Brief: Transcribe, word for word and without additions, each line below from the one containing "PALMA DE MALLORCA, SPANIEN" through the one containing "Freight and Passenger Rail", both ends included.

====== Task material ======

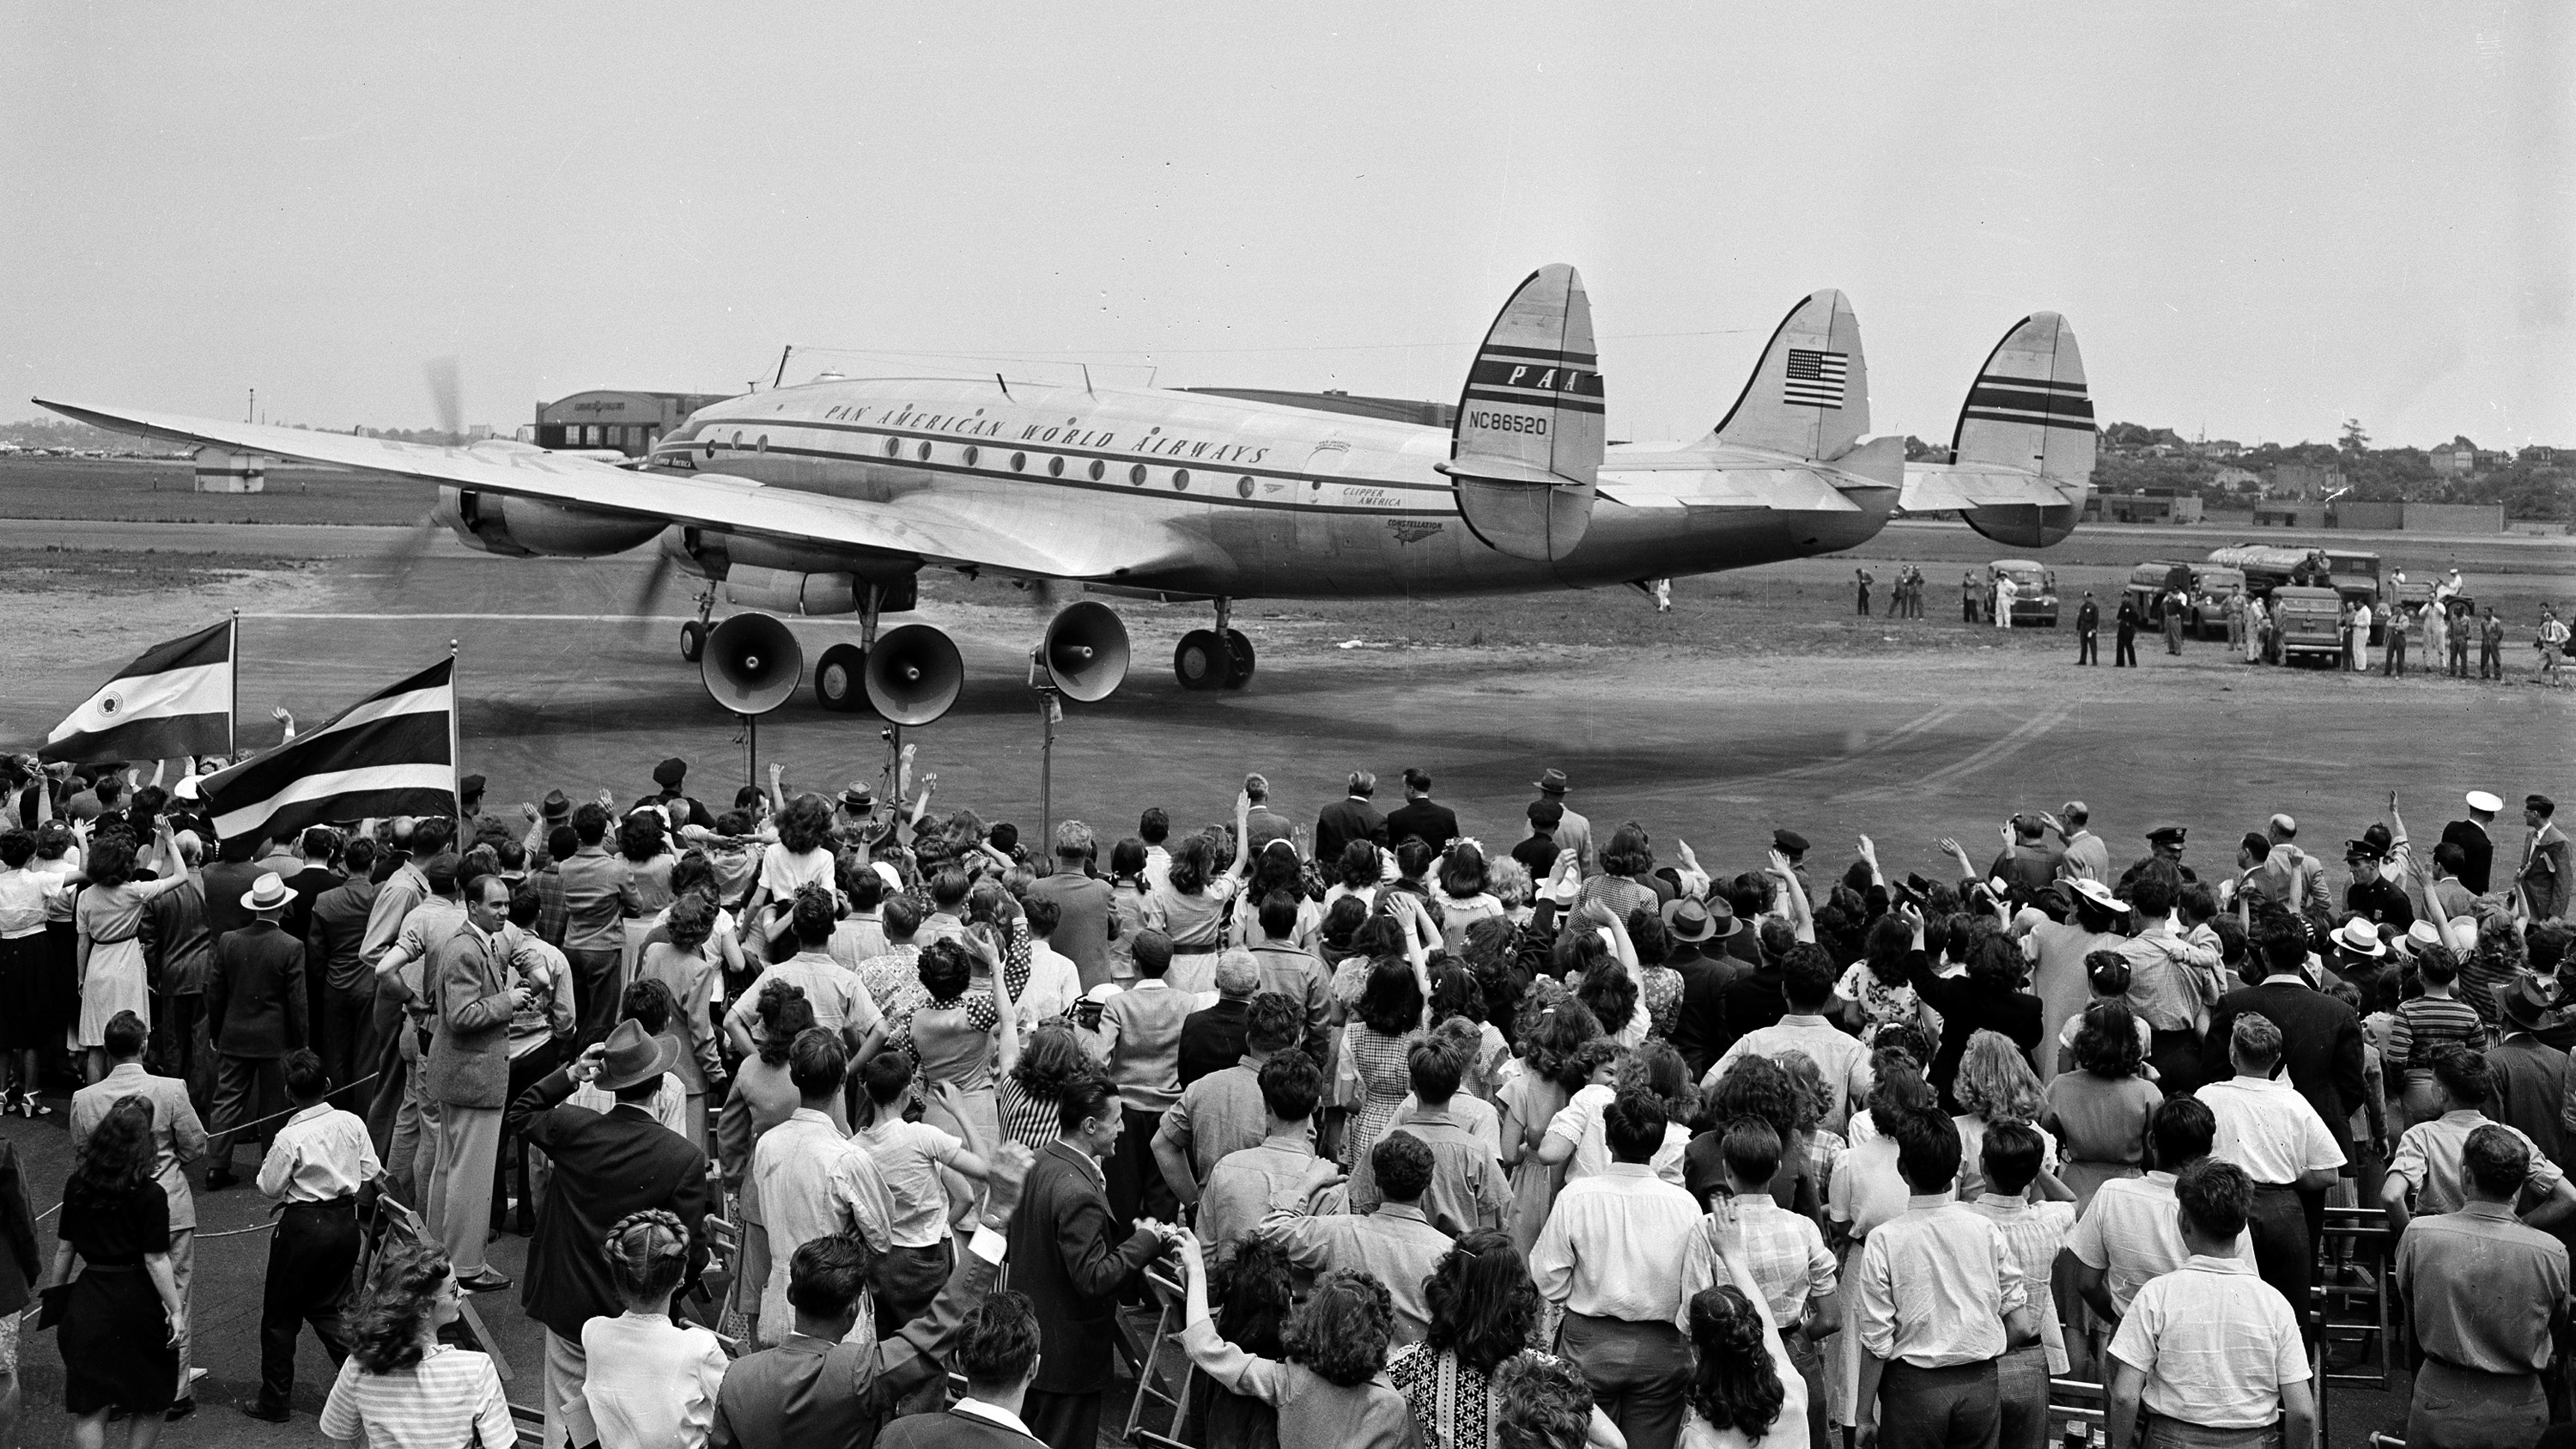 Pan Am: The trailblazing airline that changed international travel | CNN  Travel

======
====== Task material ======

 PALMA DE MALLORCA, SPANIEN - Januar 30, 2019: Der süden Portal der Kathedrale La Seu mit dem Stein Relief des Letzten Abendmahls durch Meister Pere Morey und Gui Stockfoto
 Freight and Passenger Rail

======

Response for this exercise:
 PALMA DE MALLORCA, SPANIEN - Januar 30, 2019: Der süden Portal der Kathedrale La Seu mit dem Stein Relief des Letzten Abendmahls durch Meister Pere Morey und Gui Stockfoto
 Freight and Passenger Rail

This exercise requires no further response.